=== Raw data ===
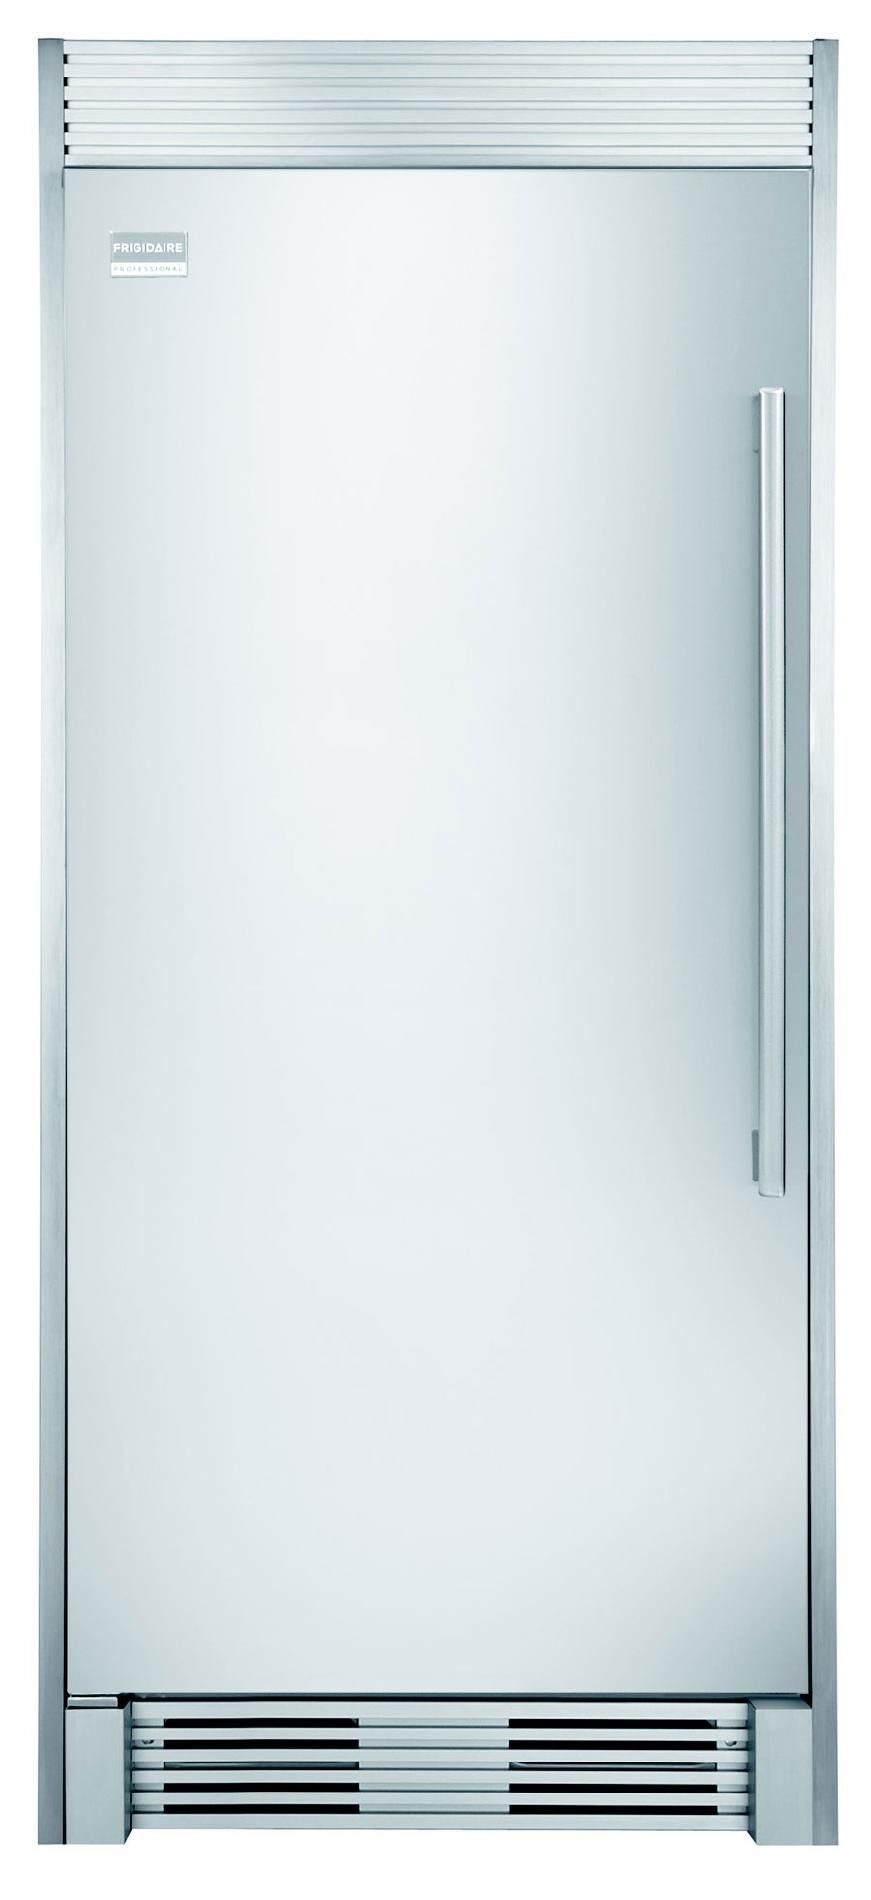 Freezer logo
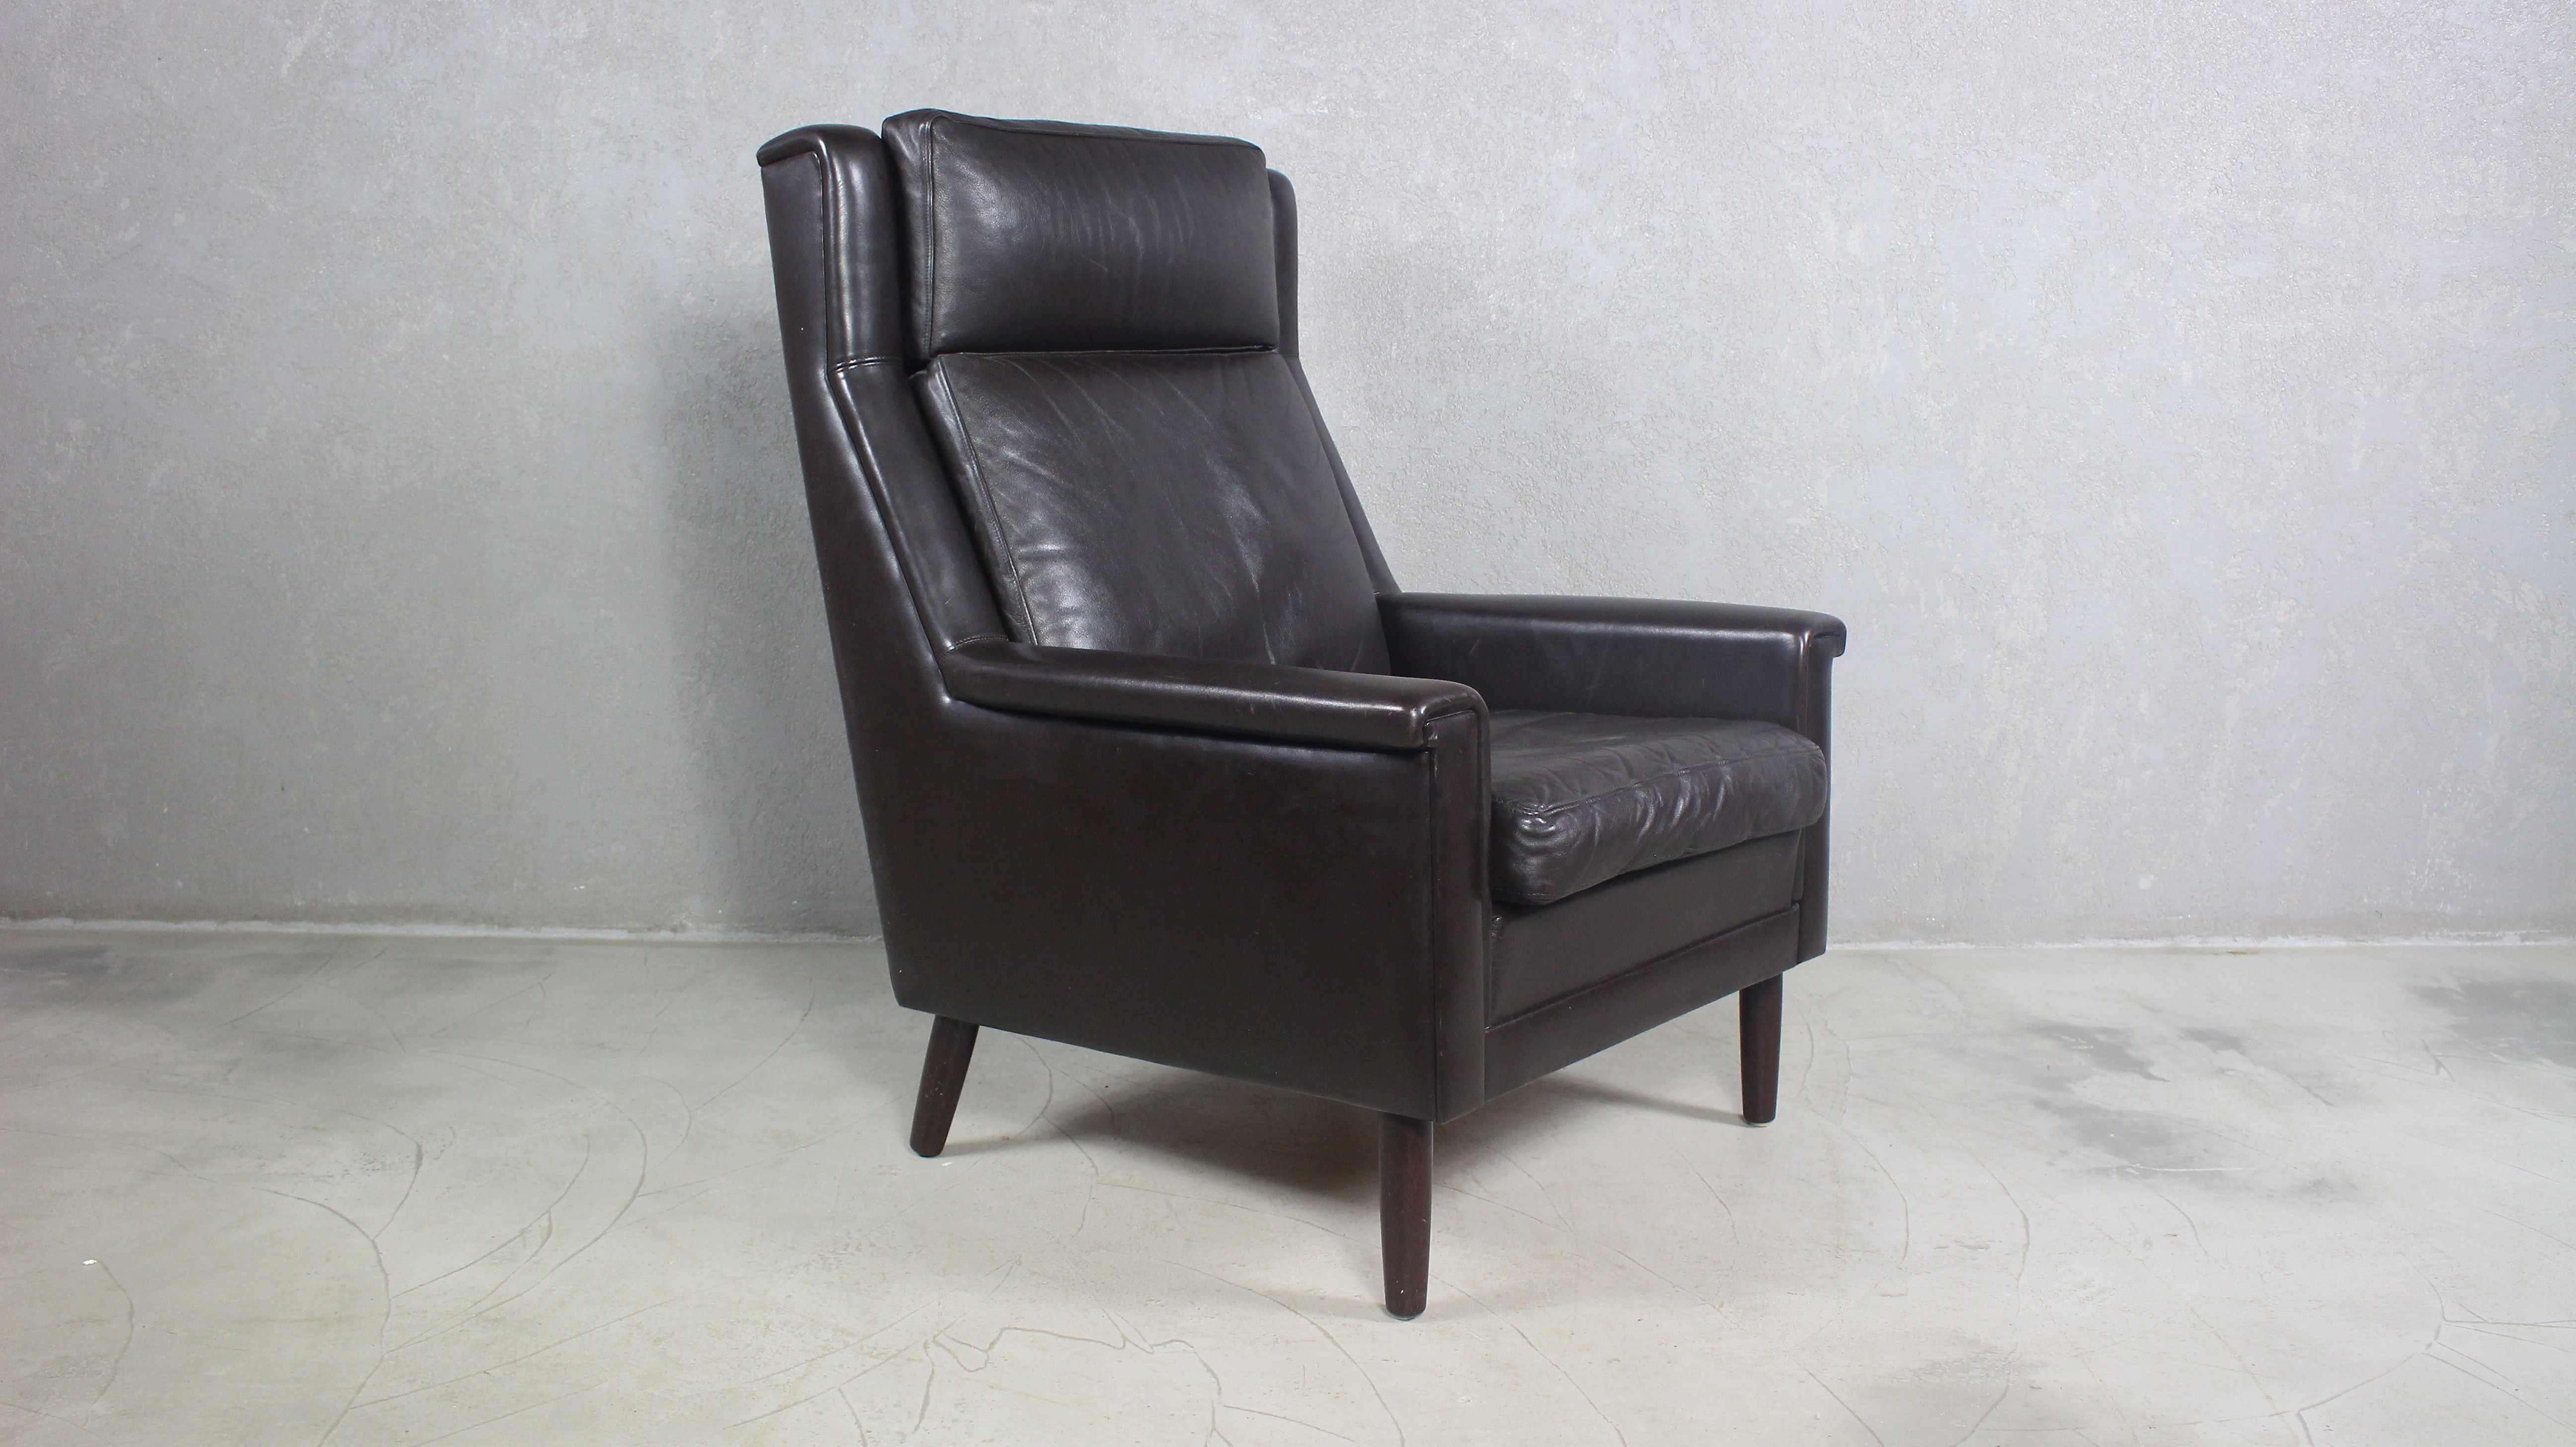 Chaise en cuir noir de Georg Thams.
Chaise longue danoise vintage des années 1960.
Produit au Danemark.
Il est composé de cuir noir et de pieds en bois.
Belle patine légère sur le cuir.

=== Problem statement ===
Extract all the entries word for word; omit any pictures.

=== Exercise output ===
 Freezer logo
 Chaise en cuir noir de Georg Thams.
Chaise longue danoise vintage des années 1960.
Produit au Danemark.
Il est composé de cuir noir et de pieds en bois.
Belle patine légère sur le cuir.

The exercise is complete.